The Edison system was designed to handle the iron-laden rock in as large a chunk
as the largest steam shovel of the day could bite off. Rather than blowing it up using explosives, it would be sent to the works to be crushed by rollers, breaking the rock into particles small enough to be separated by magnets. In making his plans, Edison concatenated three seemingly obvious insights that no one else had thought to put together. First, it was cheaper to break up ore using the energy provided by coal, which cost $3 a ton, rather than dynamite, at $100 a ton. Second, a five-ton chunk of rock could be pulverized into powder if the crushing rollers were built sufficiently large. Third, the rollers could do their work at low operational cost, relying on centrifugal force after steam power got them spinning at high speed.
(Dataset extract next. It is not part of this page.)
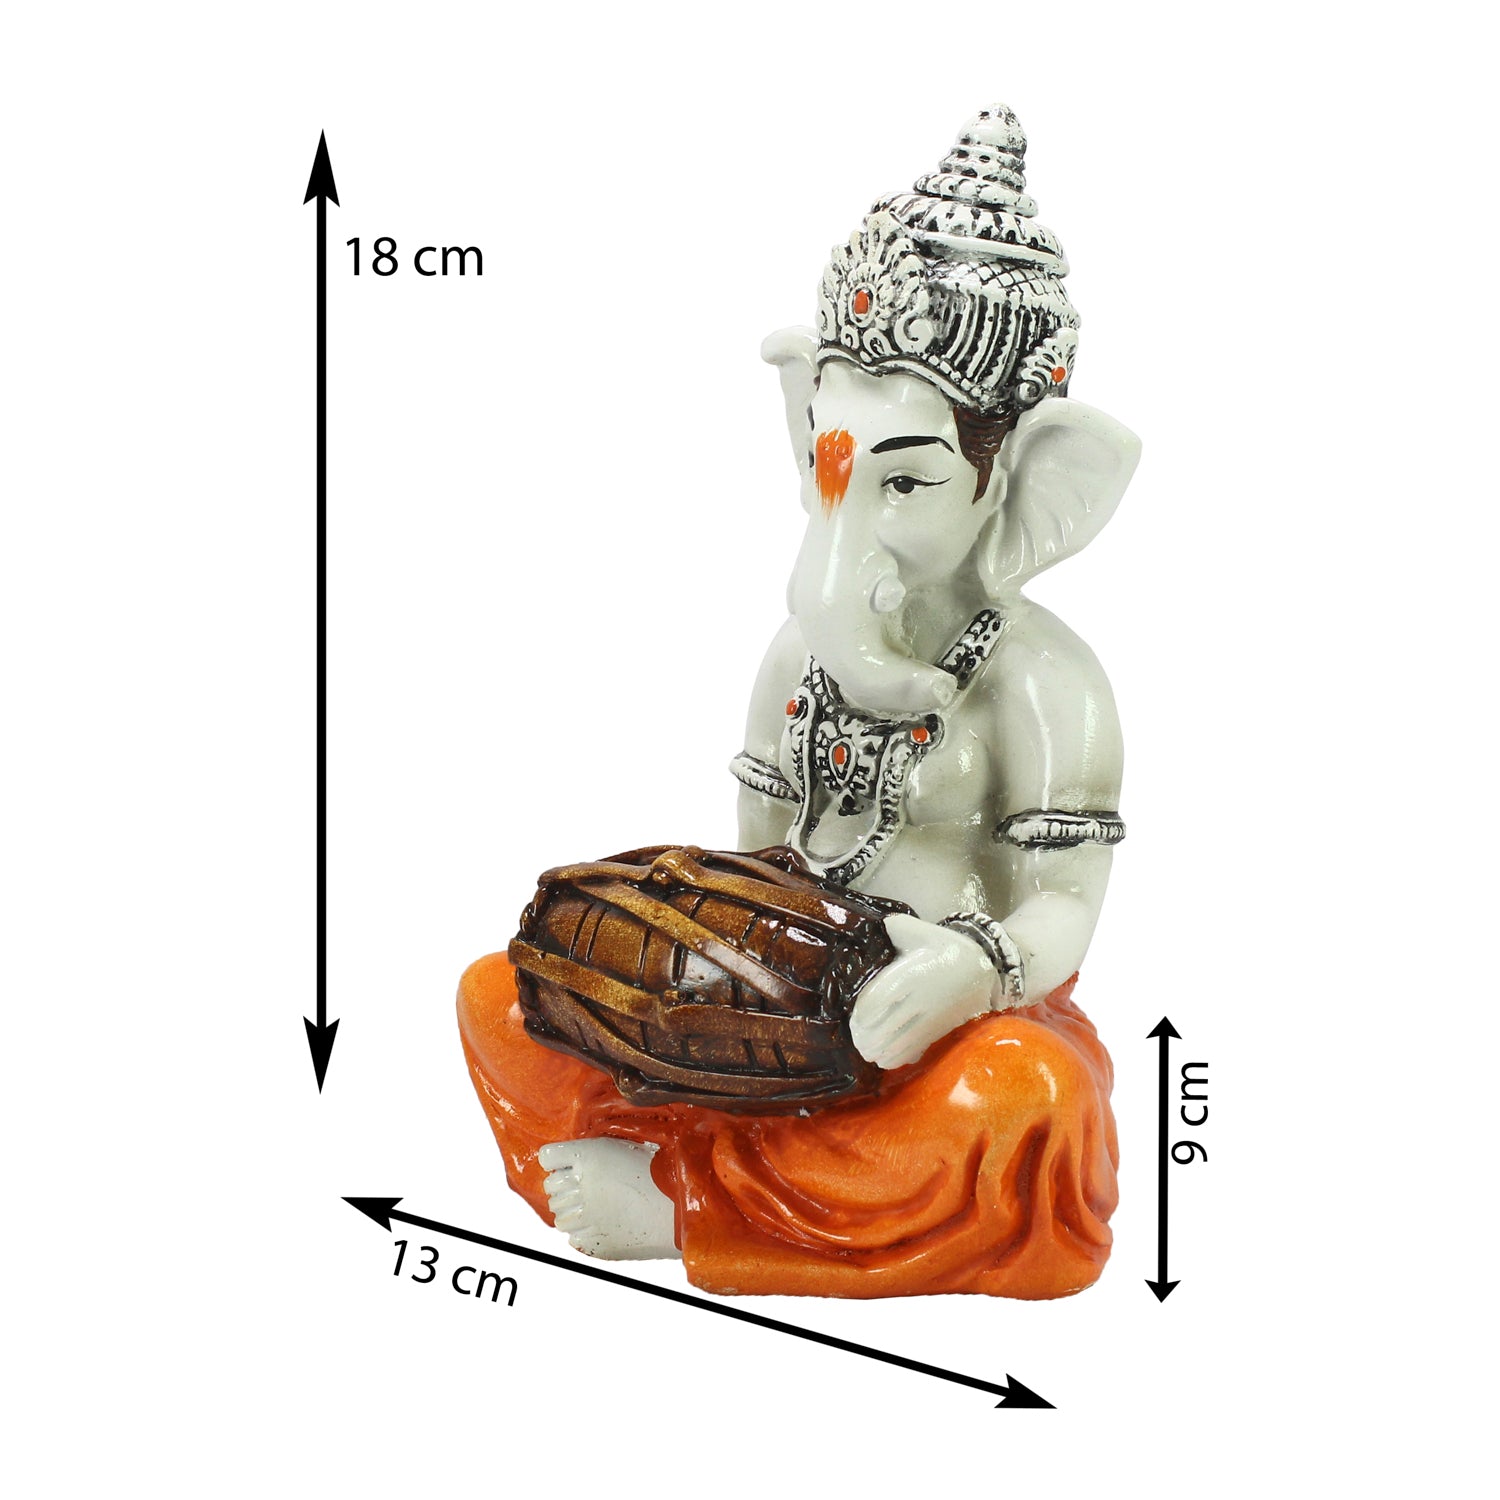 Lord Ganesha Idol Playing Dholak Musical Instrument 2

The scale of everything was outsized.
Edison happily embraced a thousand and one problems encountered in implementation. The rollers, for example, did not actually crush the rock as much as knock it into smithereens with knobs that were attached to chilled iron plates bolted to the curved surfaces. The rock turned out to be stubborn; its submission to the process required trial and error. The technical issues were primarily mechanical in nature; Edison had no claim to special expertise or advantages in this area, but he relished this opportunity to play in a field entirely new to him.